THE DATA -
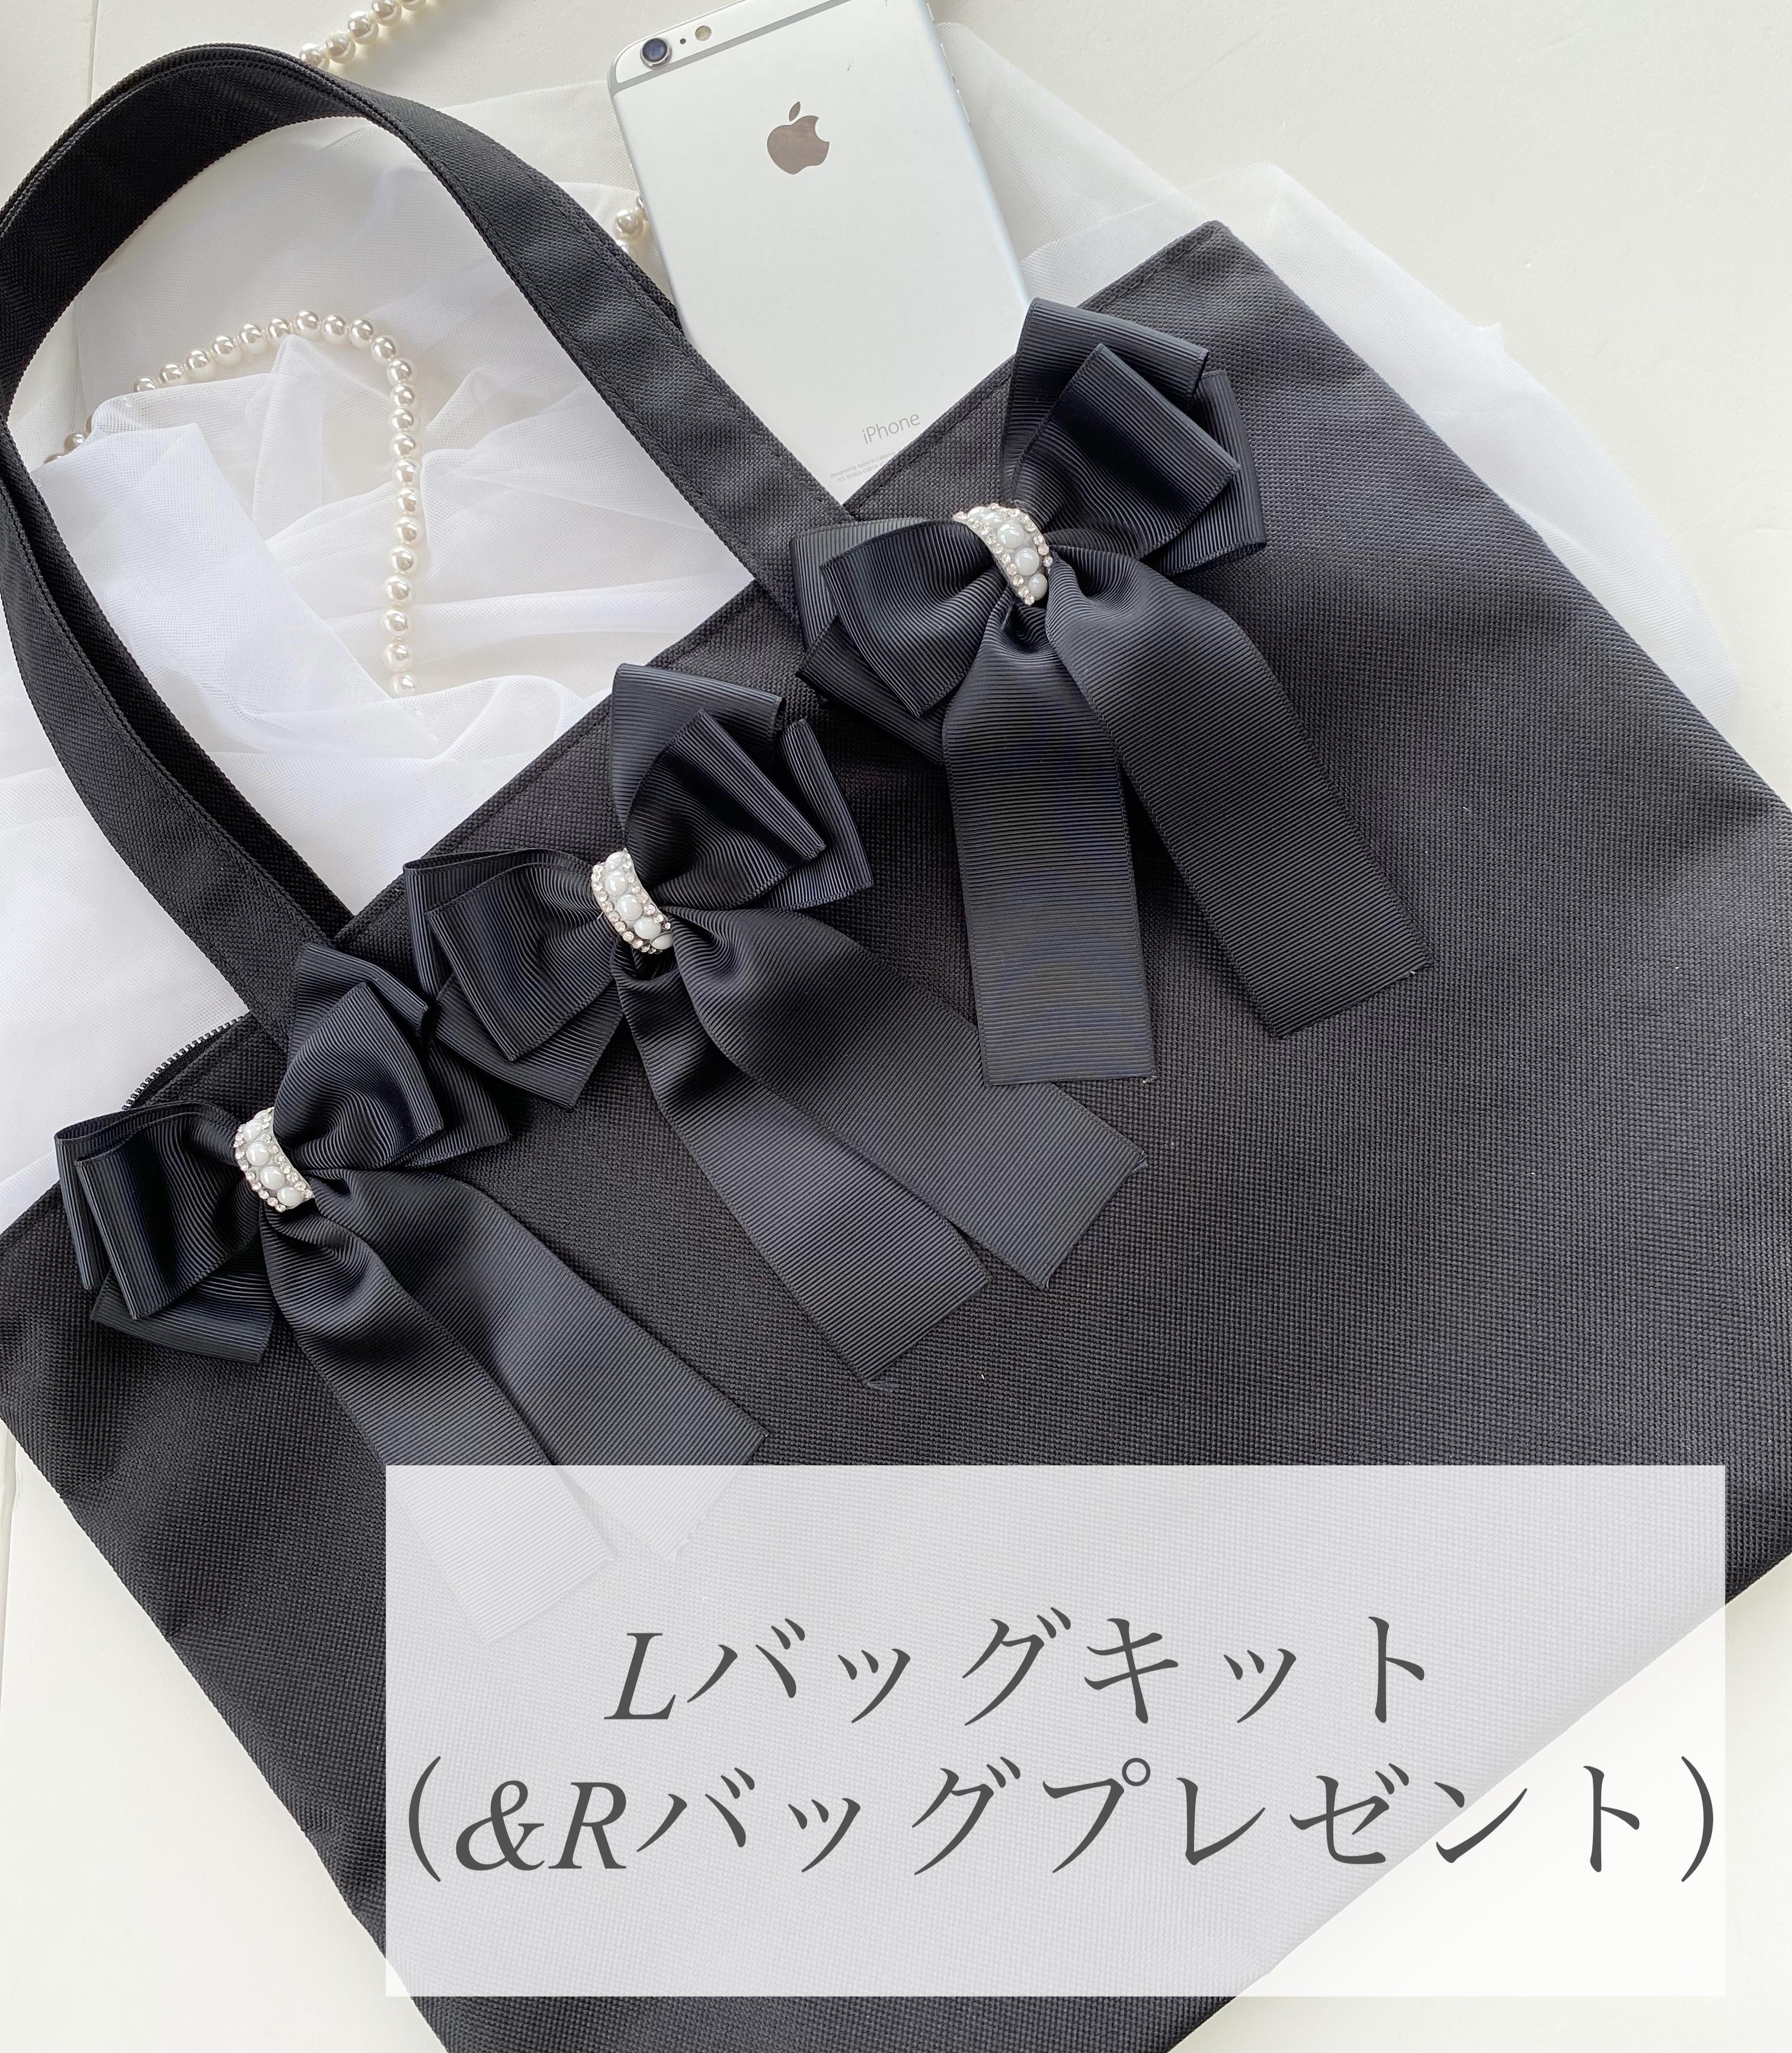 ⑰Pave ribbon ensemble Lバッグ+&Rバッグ 通信キット
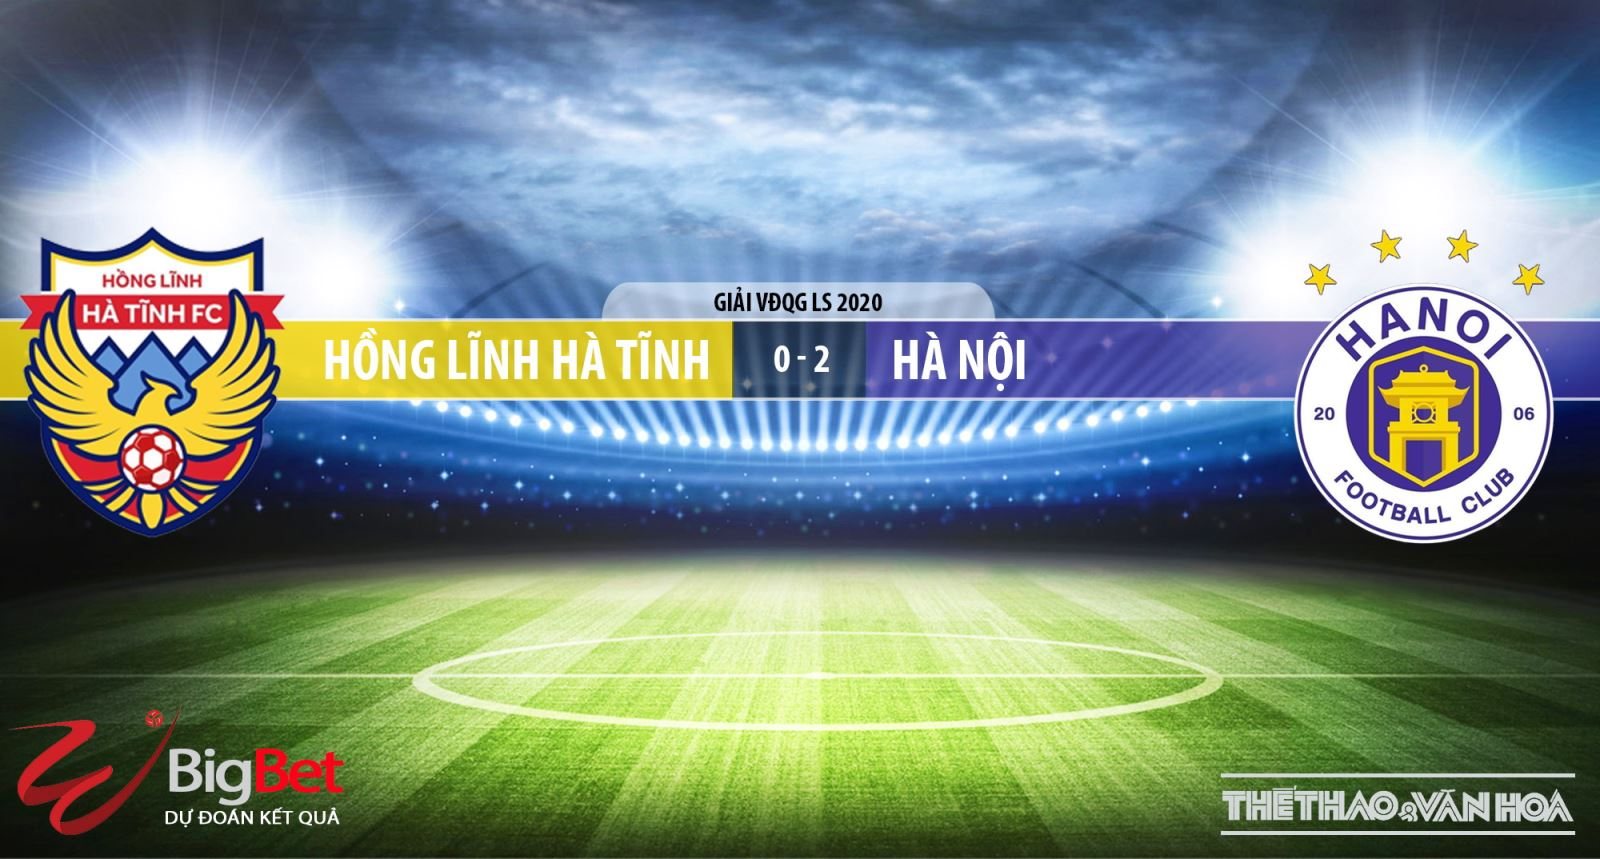 kèo bóng đá, bong da, nhận định, dự đoán, hà nội, hà tĩnh, Hồng Lĩnh Hà Tĩnh vs Hà Nội, V-League
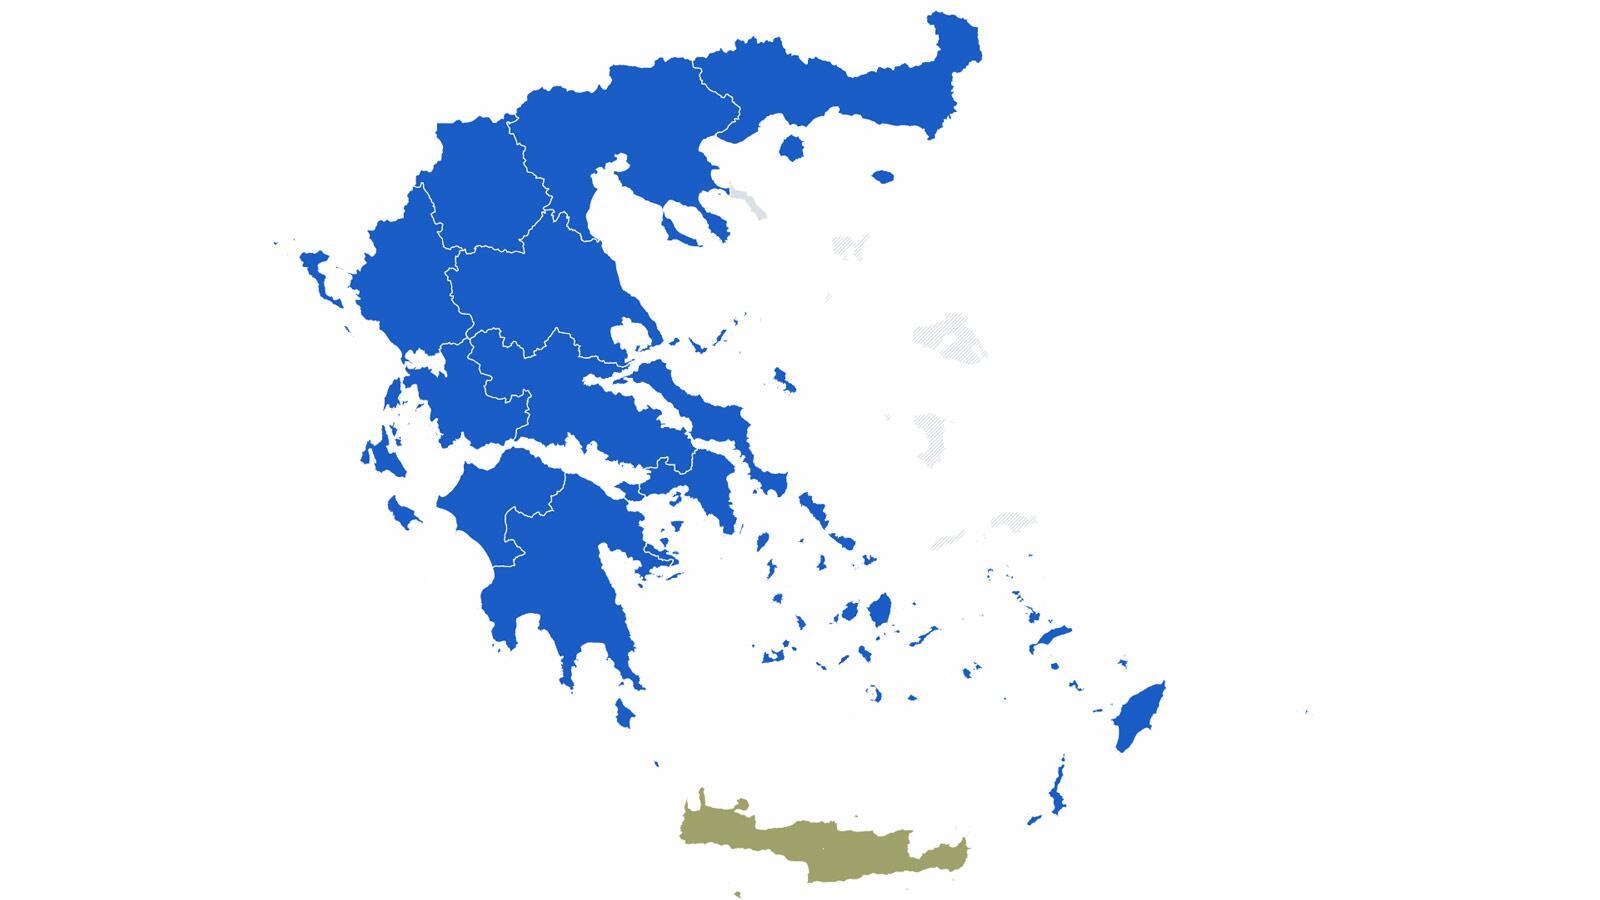 εκλογικός χάρτης περιφερείες 2019

ACTIVITY -
Every line in the data above needs to be given again exactly, pictures aside.

RESULT FOR THIS TASK -
 ⑰Pave ribbon ensemble Lバッグ+&Rバッグ 通信キット
 kèo bóng đá, bong da, nhận định, dự đoán, hà nội, hà tĩnh, Hồng Lĩnh Hà Tĩnh vs Hà Nội, V-League
 εκλογικός χάρτης περιφερείες 2019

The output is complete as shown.